§ What to produce: In the material below, find the line with "Some of our" and the line with "#nikefootball #vintagenike #nikecrosstraining", then output both and every line between them exactly, omitting pictures.

§ Entries supplied:
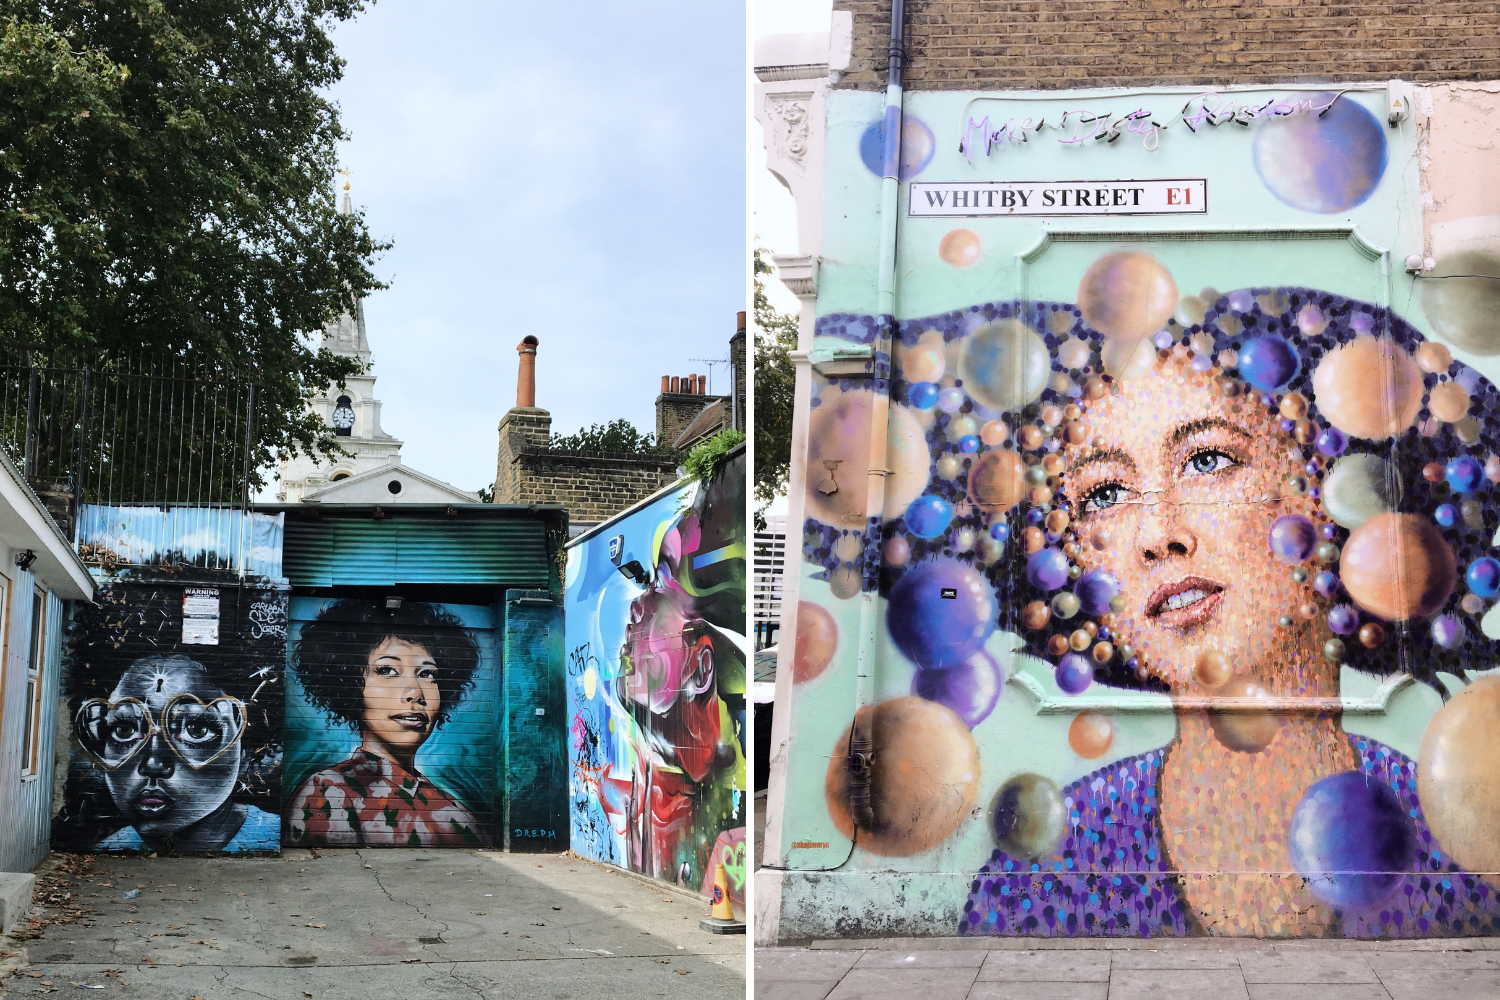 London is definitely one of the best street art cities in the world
==
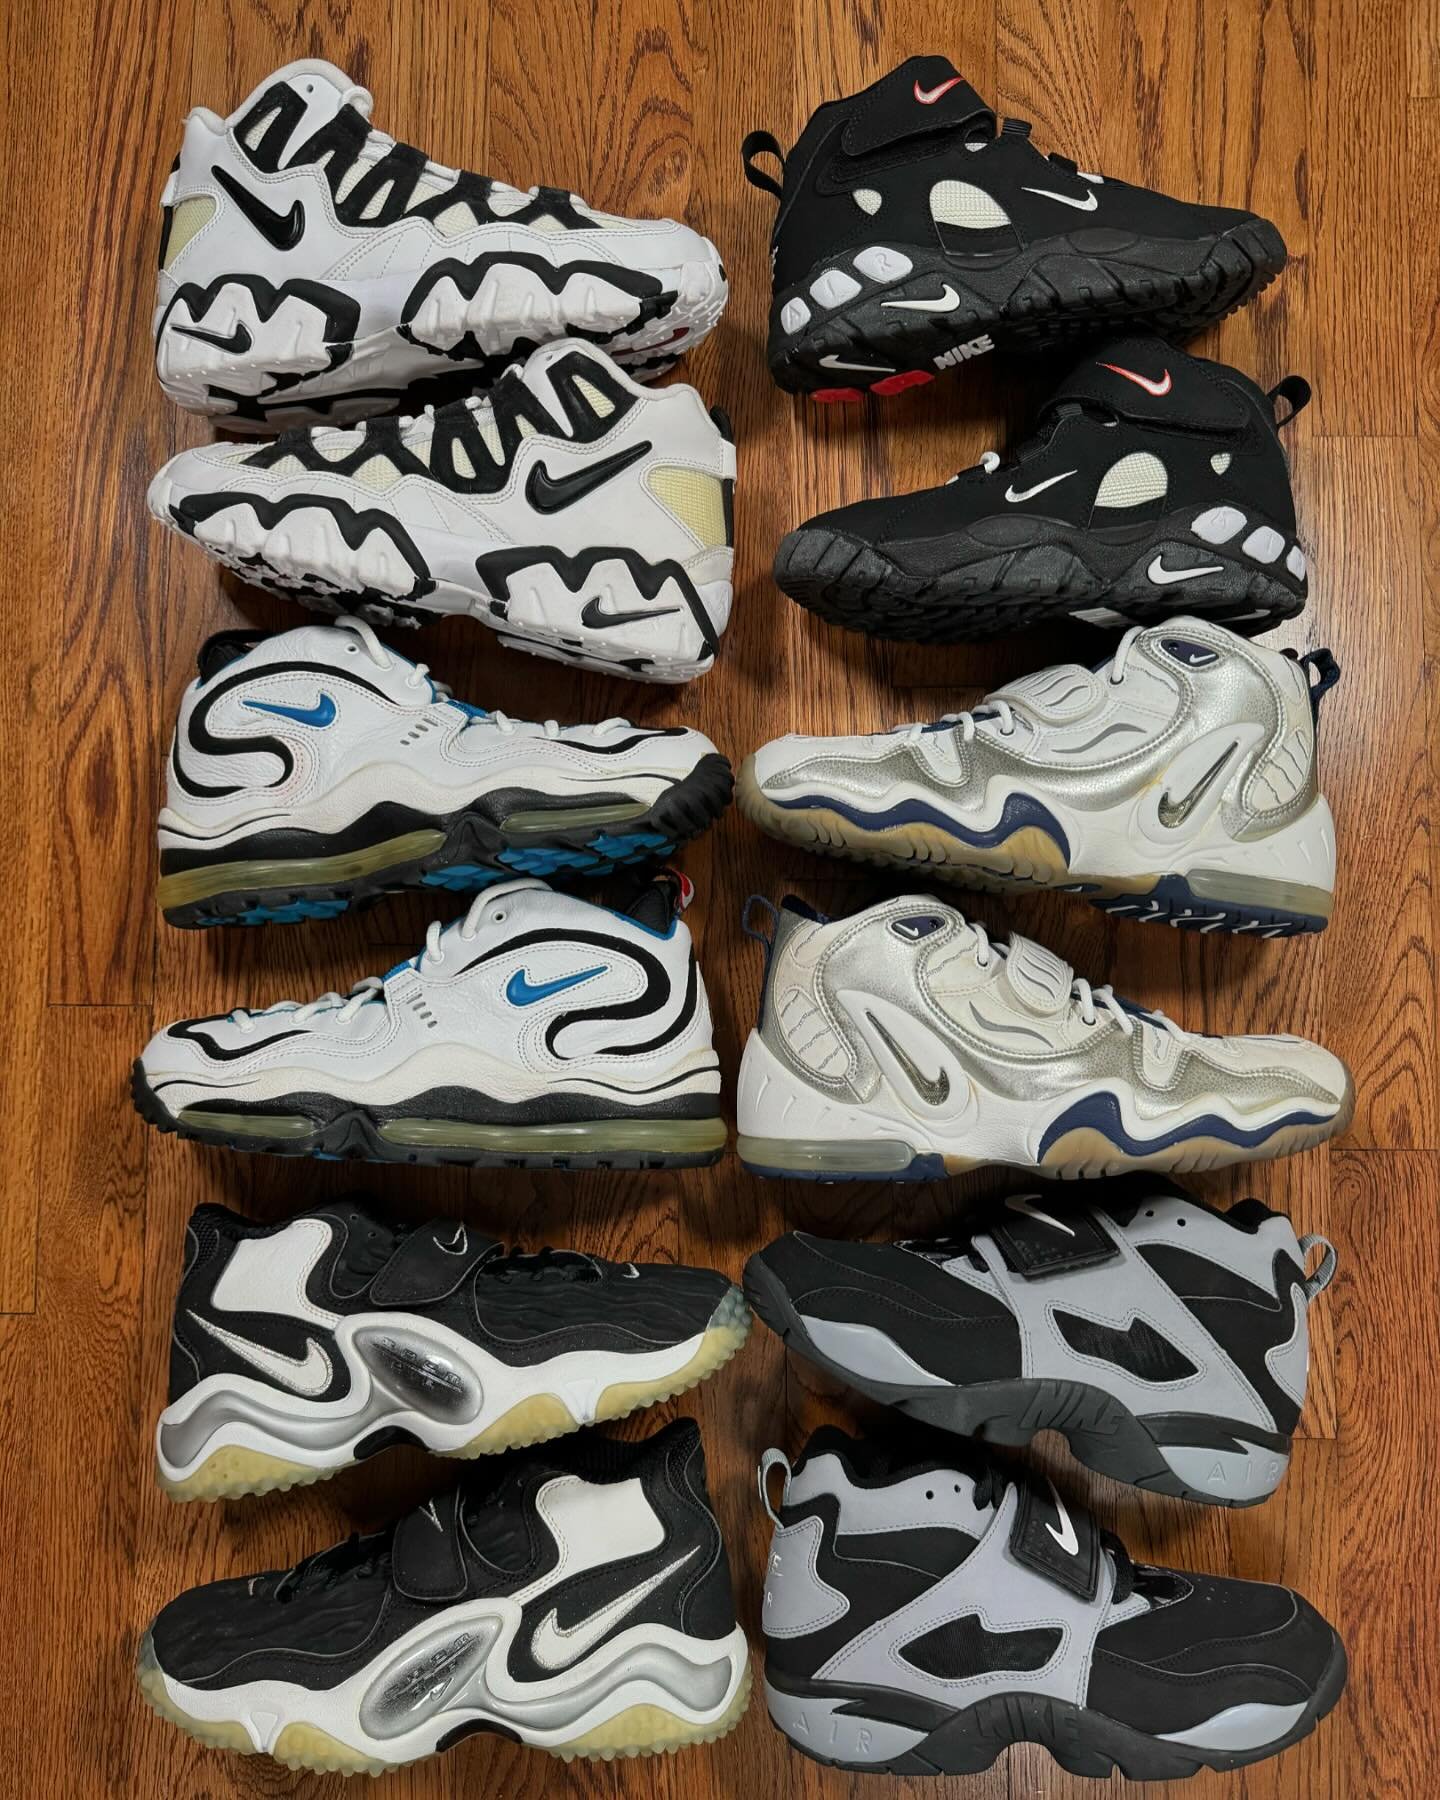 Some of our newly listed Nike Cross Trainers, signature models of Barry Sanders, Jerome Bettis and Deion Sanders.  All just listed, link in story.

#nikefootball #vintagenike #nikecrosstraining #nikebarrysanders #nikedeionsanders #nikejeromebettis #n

§ Task answer:
 Some of our newly listed Nike Cross Trainers, signature models of Barry Sanders, Jerome Bettis and Deion Sanders.  All just listed, link in story.

#nikefootball #vintagenike #nikecrosstraining #nikebarrysanders #nikedeionsanders #nikejeromebettis #n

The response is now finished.